RADİKAL

Usta boyacının ırkçılığı

 PARİS-Aslan yelesini andıran uzun lüleli saçlarıyla Ruud Gullit’i ve Frank Rijkaard’ı sanıyorum herkes hatırlıyordur. Hollanda futbolunun dünya podyumlarına çıkardığı bu iki oyuncu, olağanüstü futbolculukları kadar futboldaki ırkçılığa kamuoyunun dikkatlerini çekmekle de ünlü.

Futbol eskiden ‘beyaz’ oyunu olarak bilinirdi. Bu oyunun bugünkü kurallarıyla ilk kez İngiltere’de oynanmasıydı, belki de bunun sebebi. Bu yüzden Brezilya’da bile uzun yıllar milli takıma tek bir zenci seçilmedi. 1916’daki Güney Amerika-Şampiyonasında zenci, oyuncu oynatan tek bir takım vardı:
Uruguay. 1921’de düzenlenen aynı turnuvada da ‘ülkenin prestiji söz konusu olduğu için’ hiçbir zenci ya da melez futbolcunun Brezilya takımına seçilmesine hükümet izin vermemişti. Fluminese takımının tek melez oyuncusu Carlos Alberto, maçlara çıkarken yüzünü pirinç tozuyla boyayarak beyazlaşmaya çalışıyordu.

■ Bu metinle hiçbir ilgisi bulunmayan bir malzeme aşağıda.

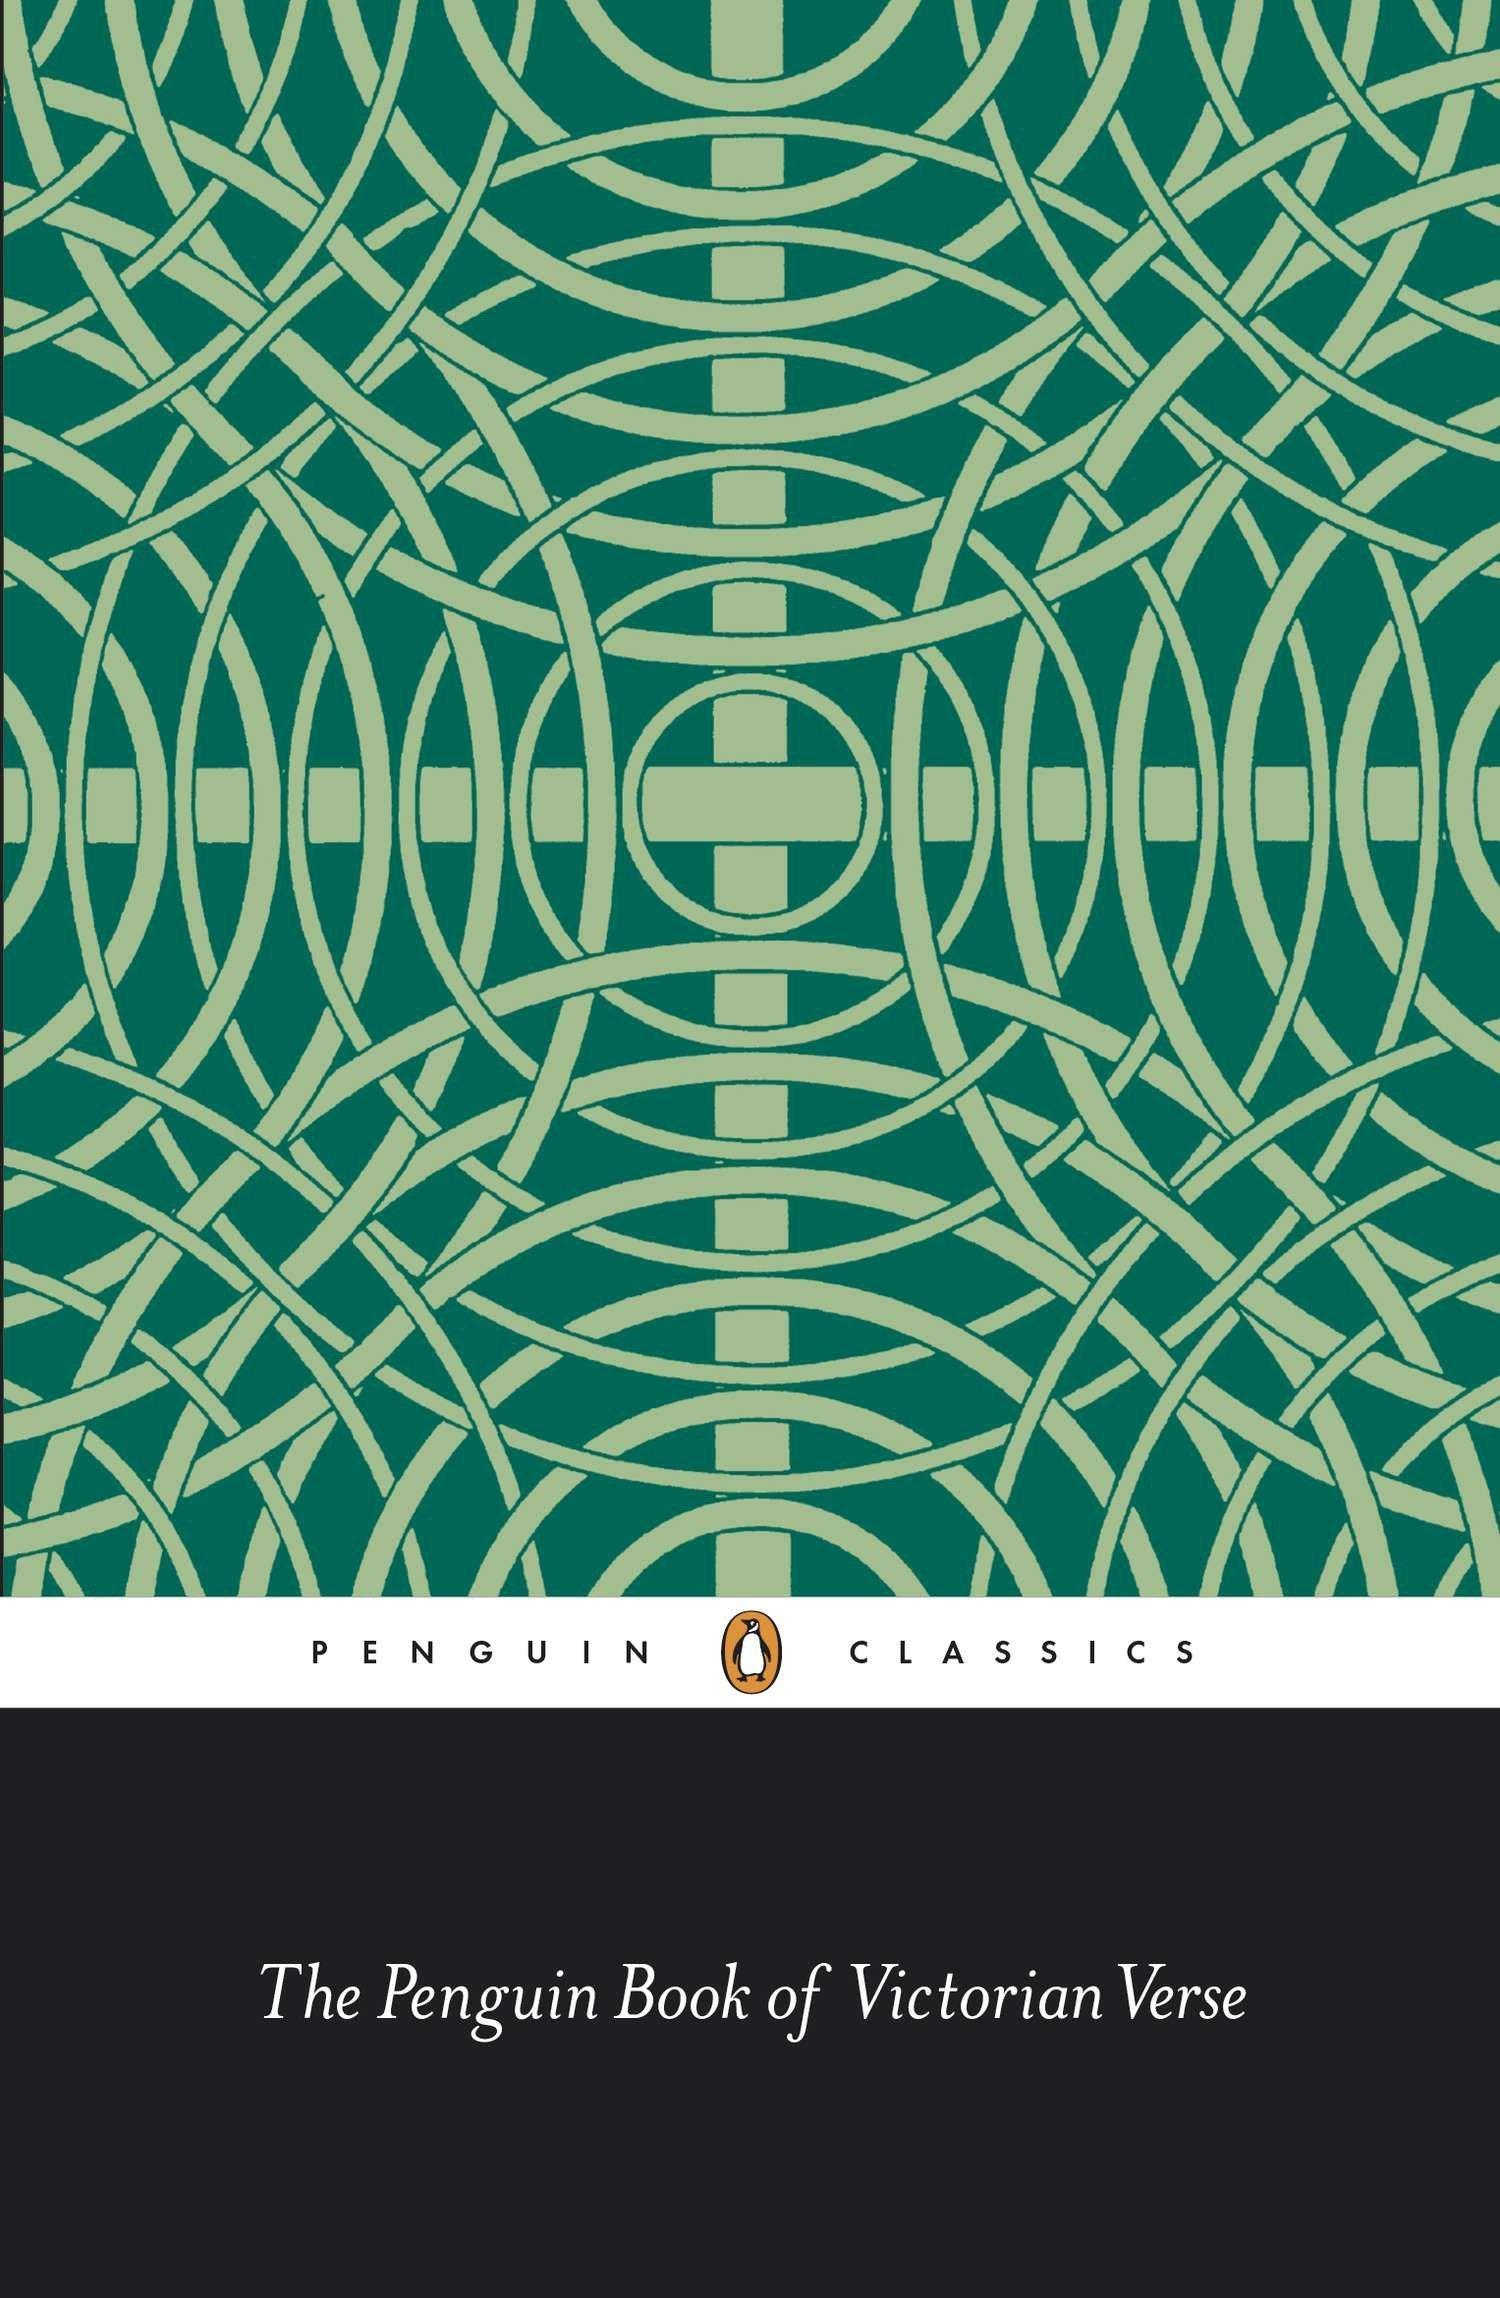 Amazon.com: The Penguin Book of Victorian Verse (Classic, 20th ...

1924’e kadar Avrupalılar da futbol oynayan bir zenci görmemişlerdi. ’24 Olimpiyatları’nda Paris’te ilk kez bir zenci; Andrade, Uruguay formasıyla sahaya çıktı.

Futbol sahalarındaki ırk ayrımcılığı şiddeti azalarak da olsa sürdü. İkinci Dünya Savaşı sonrasının refah dönemi bitip de ekonomik kriz Batı Avrupa’yı sarınca yeniden hortlayan ırkçılık futbol sahalarını da vurdu. Gazetelerimizin spor sayfalarında hiçbir zaman bununla ilgili bir haber okuyamadık ama Hollanda’da Surinamlılar, Fransa’da Cezayir ve Afrikalı göçmenler ırkçılığın ne demek olduğunu maçlarda yedikleri tekmeler, kadro dışı bırakılmalar ve holigan saldırılarıyla bir kez daha öğrendiler.

Ruud Gullit dünya çapında bir futbolcu olmasının verdiği cesaretle ilk kez bu durumu herkesin yüzüne haykıran adam oldu. ‘Kara lale’ bununla da kalmadı, eline gitarını alıp ırkçılık aleyhtarı gösterilerde sahneye bile çıktı.

Bütün bunları anlatmama sebep bugün oynanacak Hollanda-Arjantin çeyrek final karşılaşması ve bu karşılaşmanın öncesinde olanlar.

Türkiye’nin de ilk kez katıldığı 1996 Avrupa Şampiyonası’nda Hollanda takımındaki ırkçılık zirvesine ulaşmıştı. Hedef Surinam kökenli futbolculardı. İçlerinden bir tanesi bu duruma sesini yükseltti. Bugün de Hollanda’nın başında olan Teknik Direktör Guus Hiddink’i (Fenerbahçe’den kovulmaktan beter edilerek gönderilmişti) ‘beyaz oyuntuların poposundan kafasını çıkarmamakla’ suçladı. Bu oyuncu Edgar Davids’ti ve cezasını kadro dışı bırakılarak ödedi.

Hiddink bu Dünya Kupası’nın takımını oluştururken beklenmedik bir şey yaptı ve Davids’i yeniden kadroya aldı. Tutumunu, “Bu bir kalite sorunudur ve Davids de çok kaliteli bir oyuncu. Bu, neden yeniden kadroya alındığını açıklamaya yeter” diye izah etti. Davids, Hollanda’yı Yugoslavya karşısında çeyrek finale taşıyan muhteşem şutuyla Hiddink’i doğruladı.

Uluslararası futbol çevreleri Davids’in bu golüyle kamuoyunun dikkatini yeniden futboldaki ırkçılığa çektiğini düşünüyorlar. Bu golün ‘ırkçı kafaların ördüğü örümcek ağlarından oluşmuş bir kalenin doksanına takıldığını’ yazan yorumcular bile var.

Ama tek bir gol ırkçılığın kökünü futboldan kazımaya yetmiyor. Bizim televizyonlarda gösterilen bir reklam filminin gerisinde bile aynı kafanın bir uzantısı var: Zenci bir futbolcunun yüzüne bu beyaz boyadan iki kat at, götür Danimarkalı diye sat!